Those who watched Virginia Sen. Tim Kaine debate Indiana Gov. Mike Pence in Farmville, Virginia, saw two experienced politicians trying to penetrate issues that Hillary Clinton and Donald Trump only grazed during their first face-off.

“This might be best the best shot voters will get to take a deep dive to see what these people will do if they are elected,” elections expert Michael Miller, who teaches political science at Barnard and Columbia University, told Metro. 

Pence has the backing from conservative bona fides, he’s got a pretty long and distinguished career in Washington where they really respect him in conservative circles, Miller said.

“Trump has a bombastic personality that leads to rhetoric in debates that leads away from these details.”

The VP debate “may be nerdy by comparison,” but was a good opportunity to hear about things the things voters need to hear about from two people with strong policy backgrounds. “It’s what voting is all about,” he said.

Final tallies of viewership will be revealed today, and could contrast with the 51 million TV viewers who watched the 2012 vice presidential debate between Joe Biden and Paul Ryan. That was a big audience for a VP showdown, considering this year’s first presidential debate reeled in a substantial 84 million from TV alone.

The impact of this debate is less about who was better, and more about who fumbled.

VOTE NOW: Who won the vice presidential debate?

“You kind of want a quiet night,” said Miller. “A mistake is what garners media attention.”

In this particularly stormy election, creating any waves in the media or in the election outcome would require a major accident.

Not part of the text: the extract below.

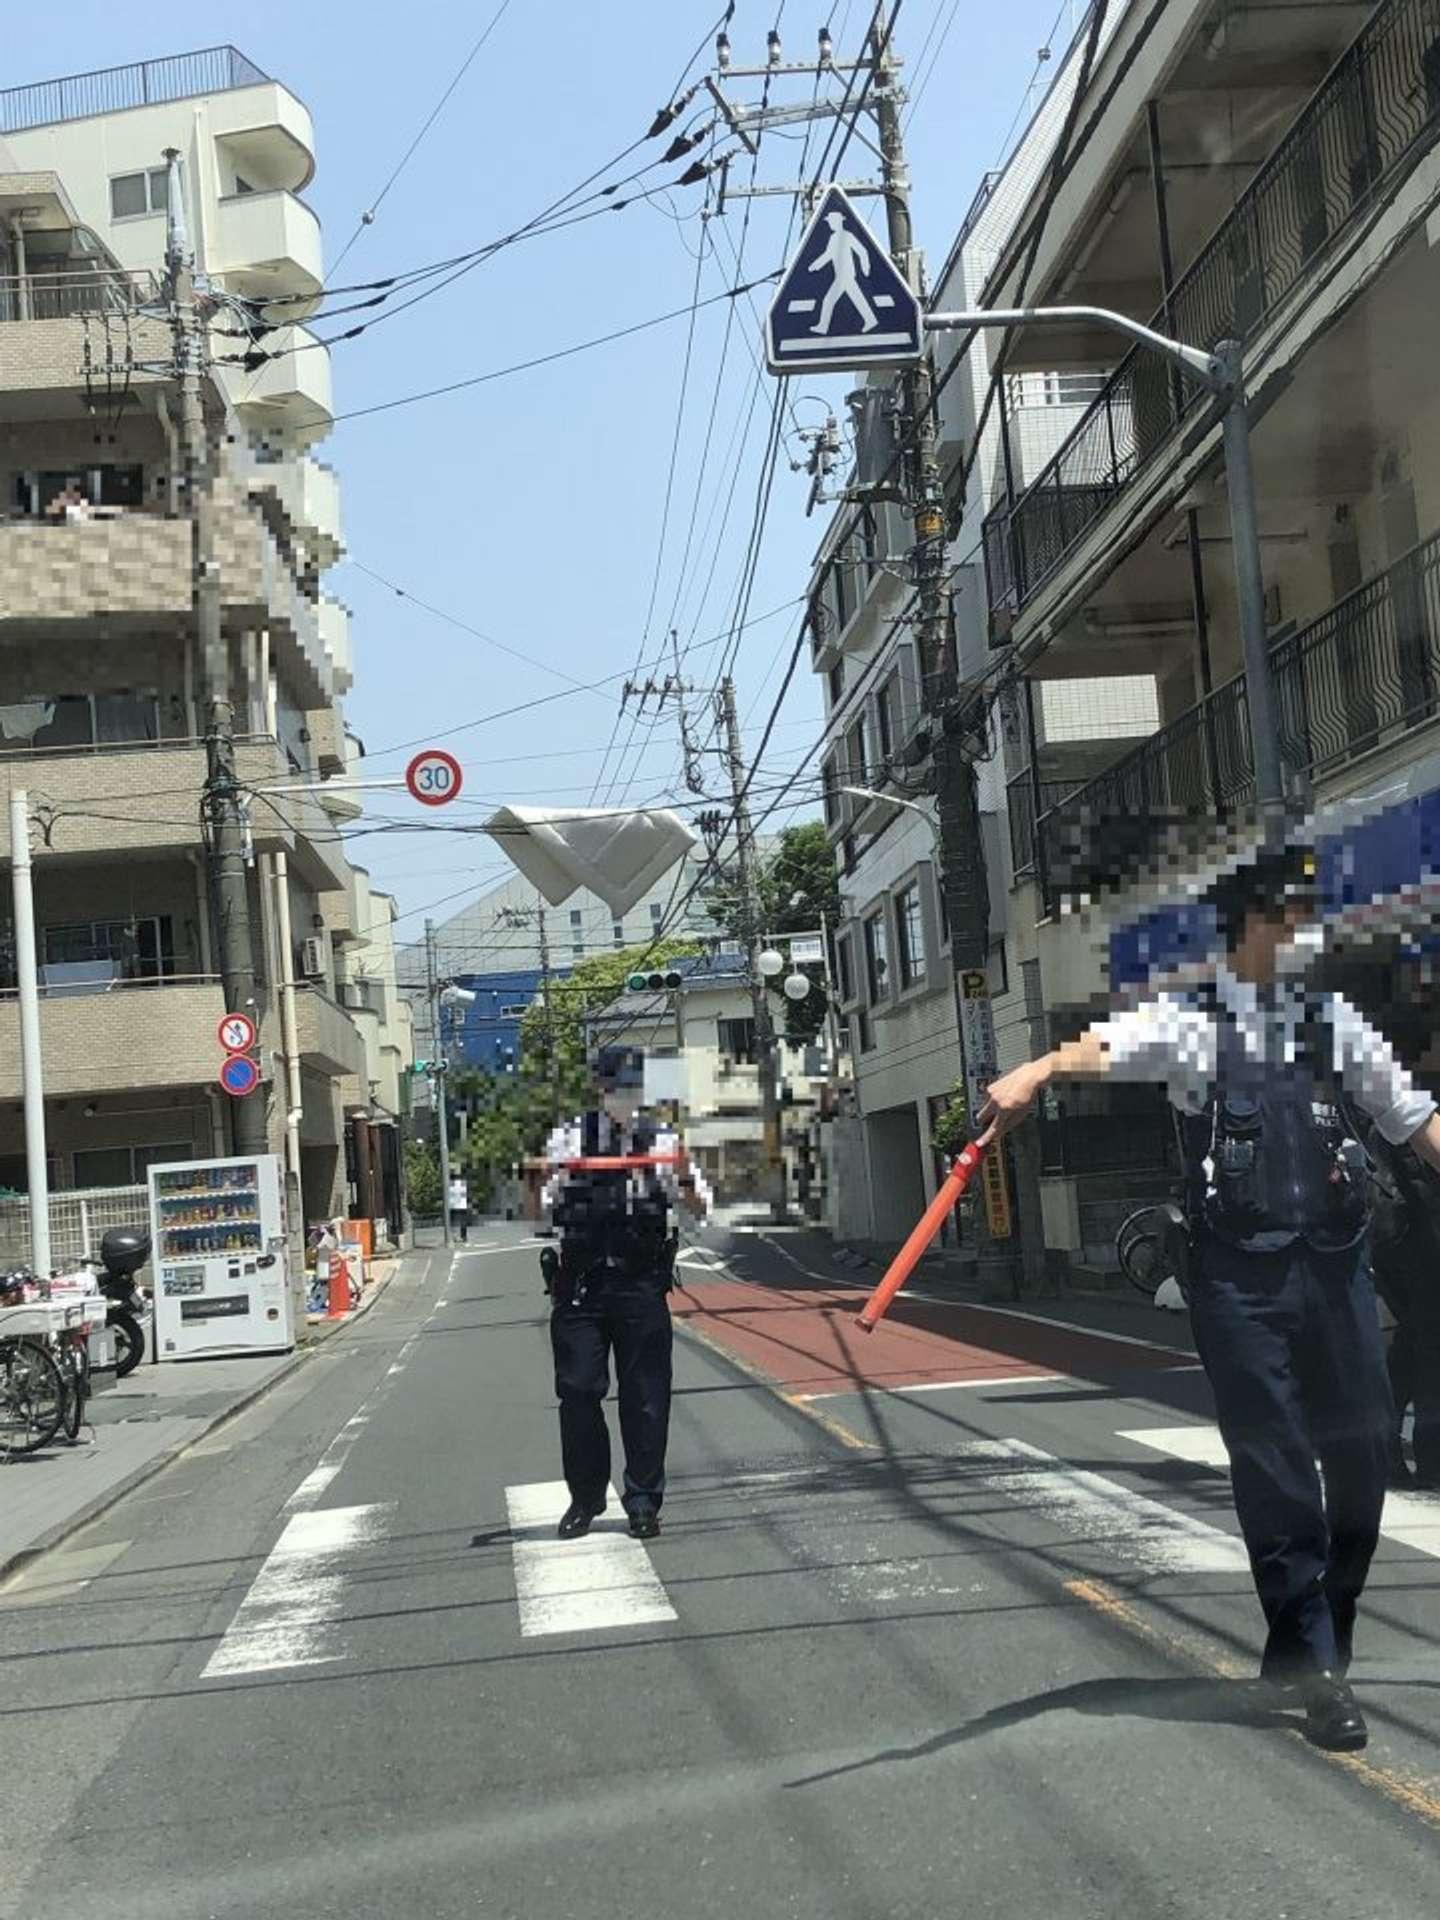 電線に布団が引っかかっている(写真はsatoimo@m870wildboarさんのツイートより・編集部で一部加工)

“The best way to help Trump is to not commit any fatal error,” said Miller. “Do no obvious damage.“

In that sense, Pence has redefined what it means to “balance” a ticket, he said.

“It’s really about matching strengths to weaknesses, and I think Pence is pretty well chosen in that sense,” Miller said

For Kaine, the goal as Clinton’s running-mate last night was less to balance the ticket and more to remind voters of the things Pence wanted to distract from: shocking news stories, and Trump’s tax-records controversy, for example.

Kaine’s approach was more to “try to pin Trump to Pence, and inject the unfavorable things back into the living rooms,” Miller said.

“It is very tempting to look at any one of these moments and say this is the one that changed the race. We don’t even think the presidential debates ever changed the race in history. They tend to swing polls a little bit. The VP debate is even less salient in election outcomes.”

The impact of this debate will be determined by the way each campaign utilizes their pocket card.

With a mere 33 days until the election, “the crucial resource for the candidates right now is time.”

“Every day the Trump campaign spends explaining and defending him that’s one day lost to really convince the people of why to vote for him. On the Democratic side, the final moments will have to be spent reminding voters of the bad things occurred throughout the election year,” Miller said.